(A version of this piece appeared on LinkedIn.)
One of the trends that I have been following involves how emerging social network experiments are applying economic models to determine how to surface and present user-generated content.
Here the term "economic" is very different from merely "money changing hands for paid amplification." At its very bottom, economics is the science of the choices you make and how you manage scarcity. In this instance, the scarce goods are 1) meaningful participation in a social network and 2) attention. Today, I'll offer three such ideas.
Standing for "Decentralize All The Things," this is a project from Ryan X. Charles, a former Reddit employee who was originally hired to figure out Reddit's cryptocurrency strategy. It turns out that Reddit didn't need a cryptocurrency strategy as much as it perhaps thought it did, so out went Charles and the DATT concept was born.
It was particularly good timing that all of this happened amid widespread dissatisfaction with Reddit's posture toward transparency and censorship. Charles imagines DATT as fully peer-to-peer, such that it would be difficult to censor content if someone--even DATT's developers--wanted to do so. Most interestingly, instead of merely "upvoting" content that you like, you would have to put your money where your mouse-clicks are... with small micro-fractions of bitcoin. (Keep in mind that, as of this writing, one bitcoin is worth US$370 and the minimum transferable unit is a "satoshi" or US$0.00000370.)
Obviously, it's easy to simply upvote something and even inspire some sizable number of like-button-minded people to do the same. Far fewer would pay money--even a tiny amount--to join such a mini-crusade. This makes for a higher-quality experience for everyone, in much the same way that prediction markets tend to match and eventually outperform polling.
DATT is presently at the proof-of-concept stage and Charles is "seeking to find a technical co-founder who understands blockchain and web technologies."
Based in Argentina, the 75-million-member Taringa! social network shares its ad revenue with its top content-creating members. Each participant in the Taringa! Creadores program receives a bitcoin wallet from Xapo, where the money is transferred and the creators can buy from bitcoin-accepting merchants, exchange it for traditional currency, or tip other users on the site.

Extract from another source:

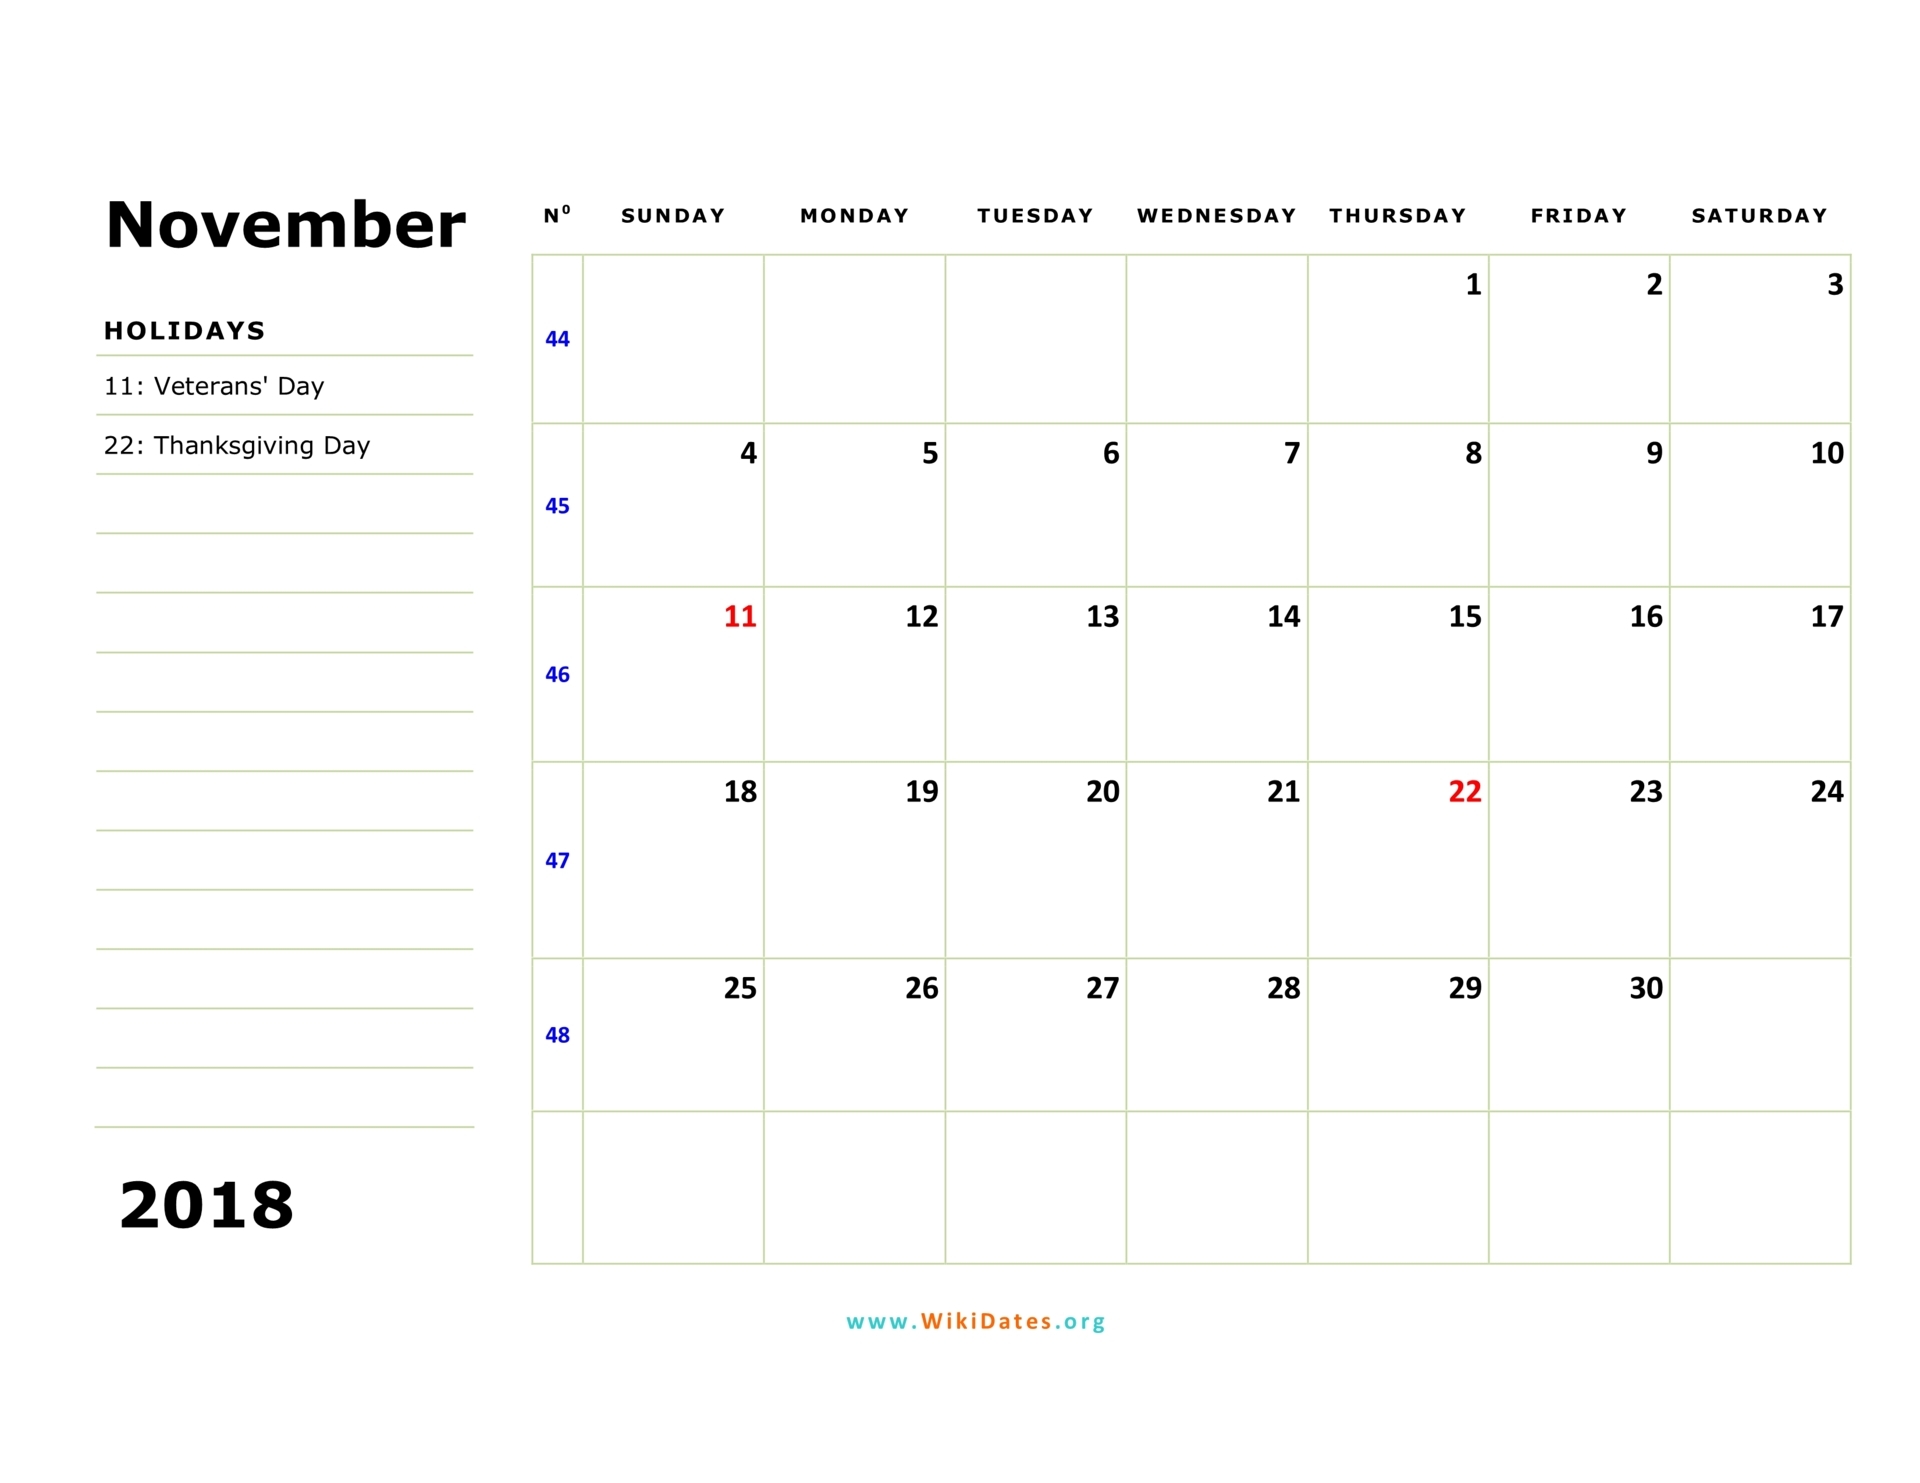 november-2018-calendar-usa-qualads

In the first six months of the invite-only program, the site distributed $76,000 worth of bitcoin, with one participant receiving $2,000. Not surprisingly, Taringa! Creadores has had a strong effect on the site's growth while, according to Taringa!, keeping the quality of the content high.
One would imagine that any social network endorsed by the hacktivist collective Anonymous would have to be open-source, encrypted end-to-end, and fully dedicated to privacy. Minds is one such network.
But what really makes it interesting is its economic model. From the site: "You earn a digital currency of points for every vote, comment, upload and share which can be exchanged directly for views on your content. ... These points can either be exchanged with Minds or directly p2p with other users in exchange for shares." Of course, points can be purchased as well.
So what does this all tell us?
Much of what we find valuable on the web has been built on the backs of unpaid volunteers, such as Wikipedia editors or the moderators of your favorite subreddit. Others are willing, consciously or otherwise, to give away personal data in order to access a useful service like Facebook. The various species of a "third way" as described above show that it could be easy and mutually beneficial for Internet users to accept greater control over their digital lives and truly be economic partners in the platforms that their attention helps build. The frictionless nature of cryptocurrency payments makes this possible in ways that more intermediary-reliant methods simply cannot.
Also, in addition to earning one's access to a social media site via quality participation, Internet users might be able to supplement this personal fund by doing almost nothing at all. Innovations like the 21 computer might mean that media consumers might mine small amounts of their own bitcoin just to help support their media consumption habits, again, in a frictionless manner.
The mainstream media has certainly learned volumes from social media in terms of how people seek out and share information. This new class of social networks, if even modestly successful, could show them a thing or two about monetizing content as well.